How Politicians First Got on Late Night TV

The other unusual thing Harry Thomason said about the Clinton years in a TV Critics Assocition panel on an upcoming two-part film on the former president was the first to break an unwritten ban on politicians on “The Tonight Show with Johnny Carson.”

Nowadays, it’s expected to see a politician make a late night appearance to poke fun at himself after a gaffe in public. Back then, it was just after Clinton had made an amusingly long-winded speech at a Democratic convention in his first platform before a national audience. They had to do something, his backers thought, so Thomason and his wife Linda Bloodworth Thomason devised the Carson appearance.

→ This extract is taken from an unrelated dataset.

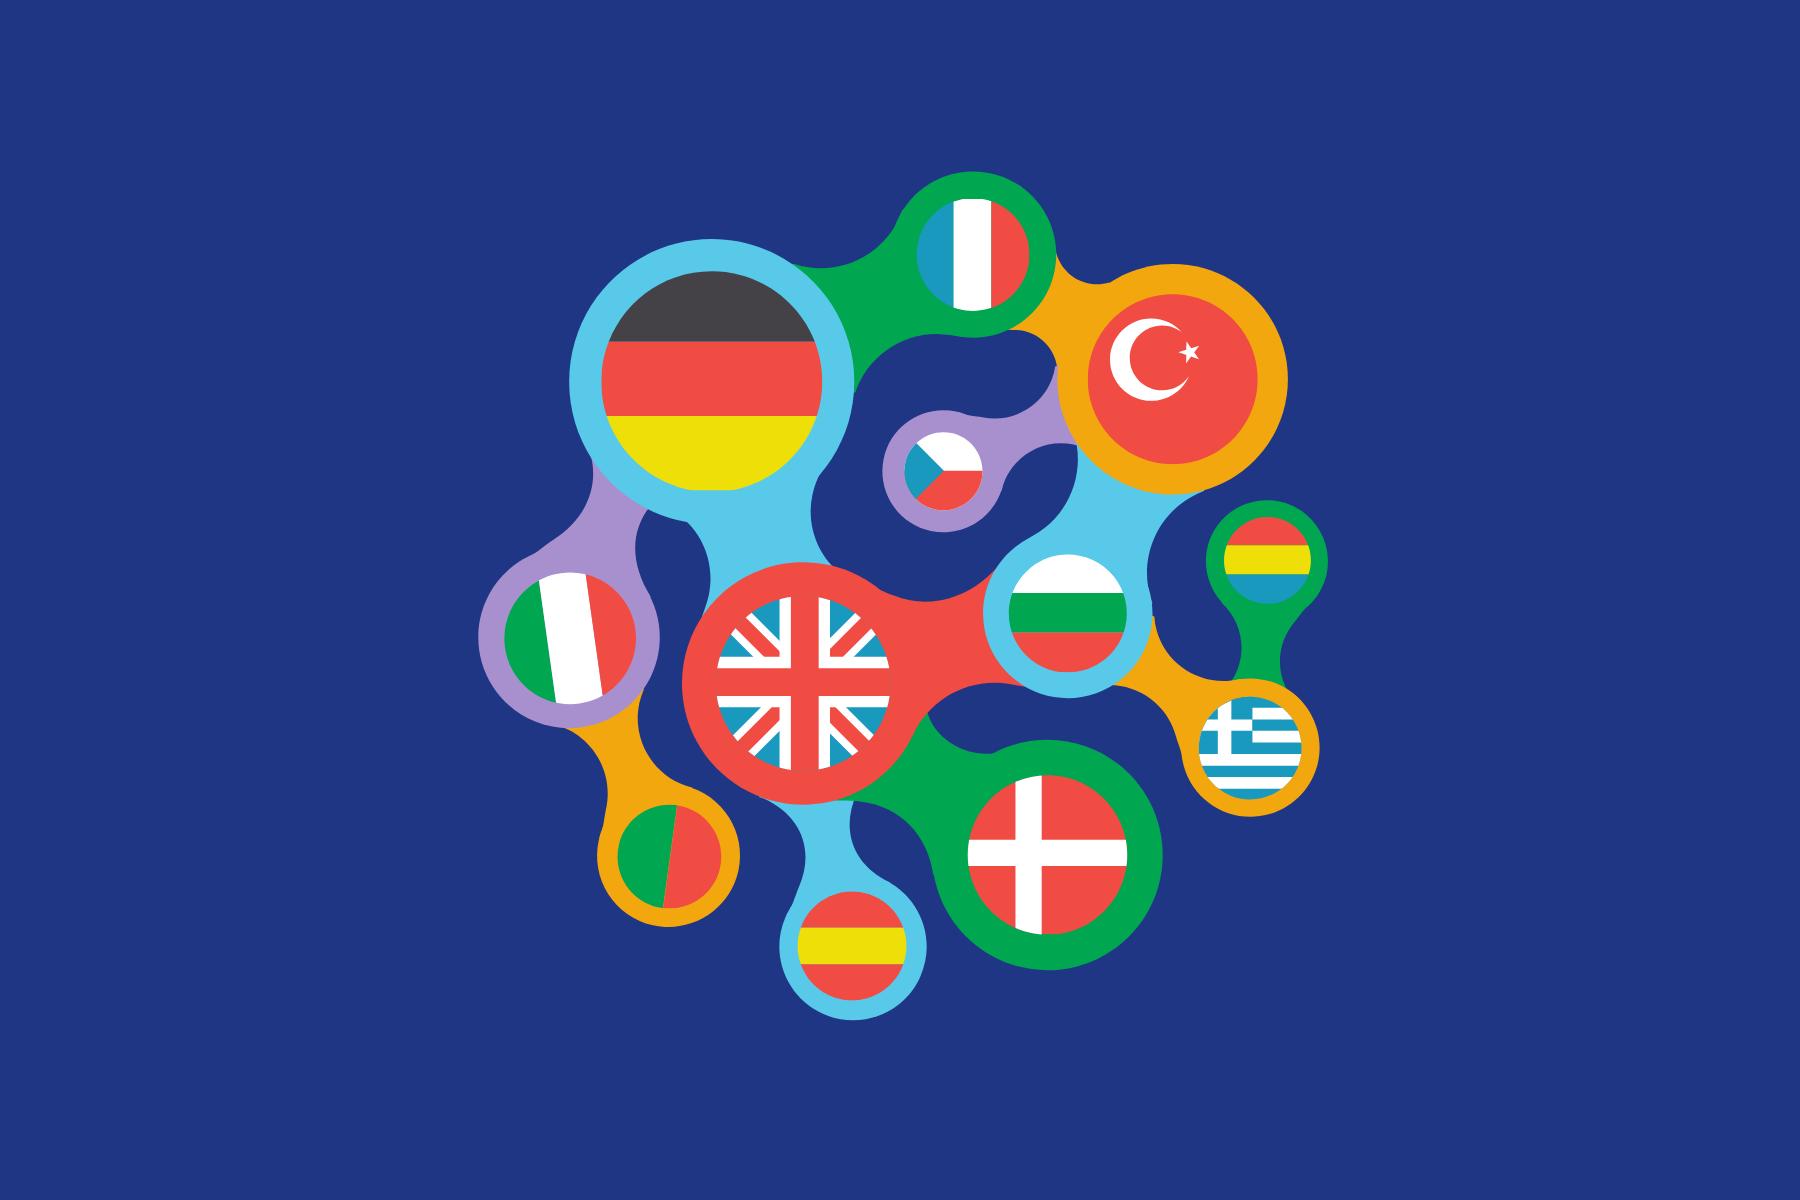 attēls, kas atspoguļo dažādu valodu saikni

Except that Carson didn’t have politicians on the show. So Thomason says he called producer Freddie de Cordova to plead his case.

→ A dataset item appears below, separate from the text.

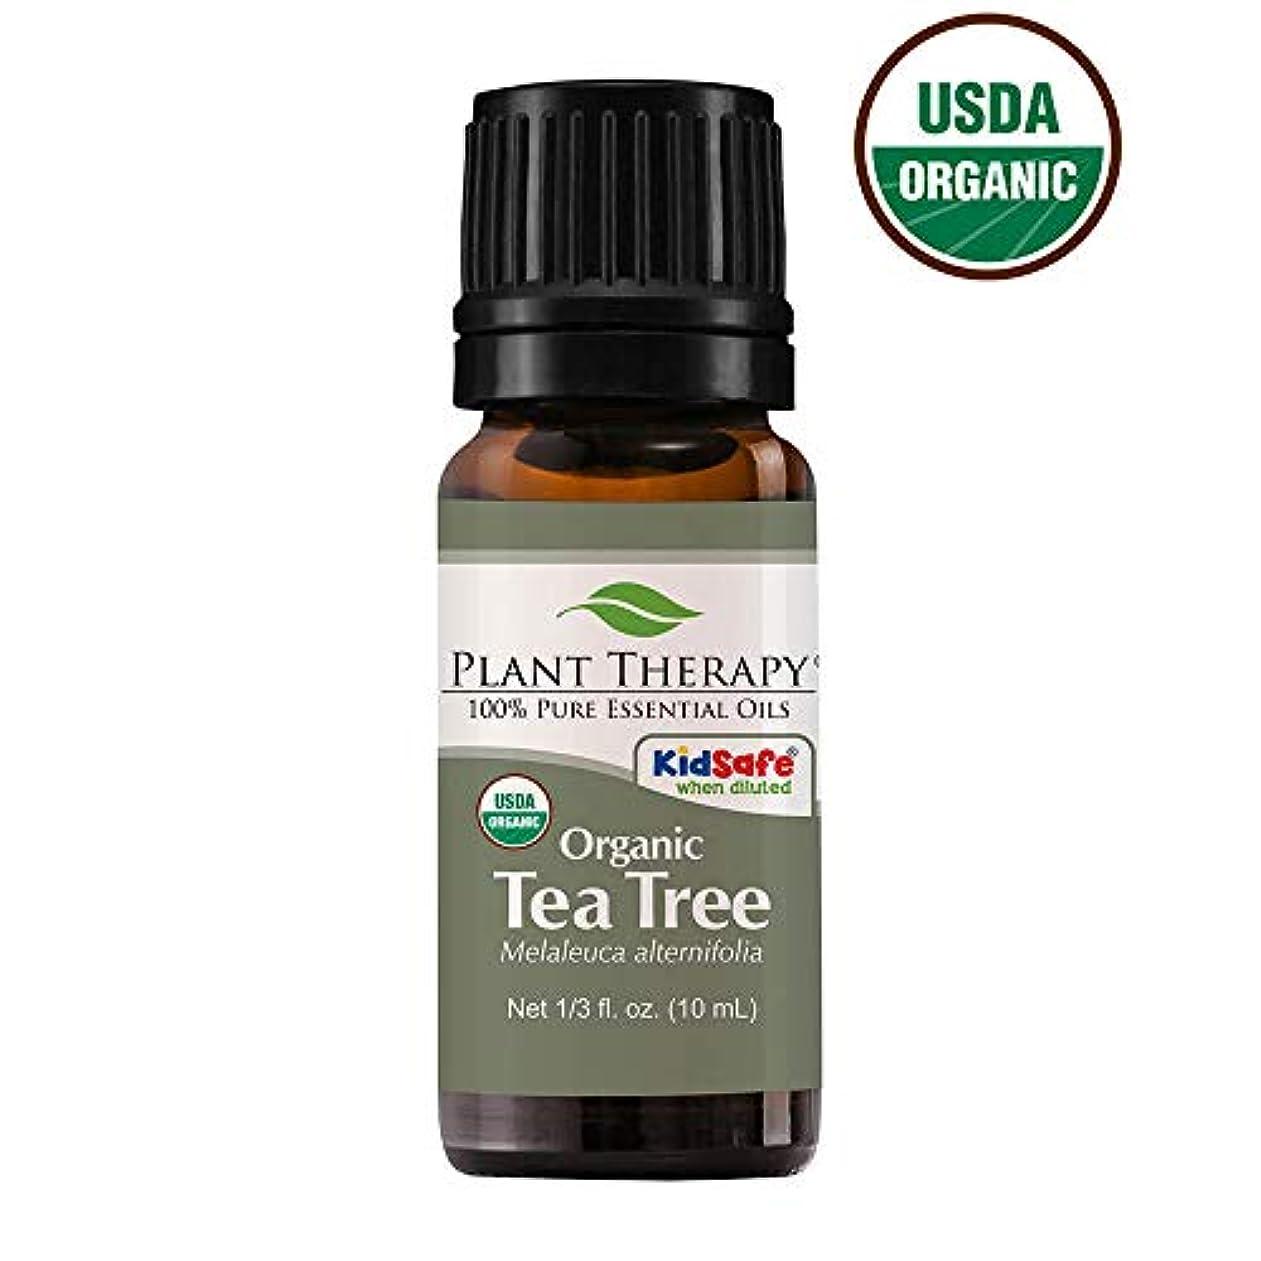 ソロマーチャンダイジング狂うPlant Therapy Essential Oils (プラントセラピー エッセンシャルオイル) オーガニック ティーツリー (メラルーカ) エッセンシャルオイル

“And I said, ‘Freddie’ and he said, “It’s not any use. I’m not going to be able to change this.” I said, “No, listen to me. He’s going to come on the show as a musician. He’s going to play the saxophone.’ ”

“And so he starts laughing, and he said, ‘It’s not going to work, but I’m going to go talk to Johnny.’ And he called me back in 15 minutes, and he was laughing. He said, ‘Carson said for him to get that saxophone and get out here Tuesday night.’

Thomason said he called Clinton and told him to start practicing. The appearance went well, with Carson doing a gag, pulling out an hourglass to remind the ambitious politician not to go on and on.

And, Thomason says, “that’s how politicians started appearing on late night shows.”

More history lessons are planned in the “American Experience” production, “Clinton” Feb. 20 and 21 on PBS.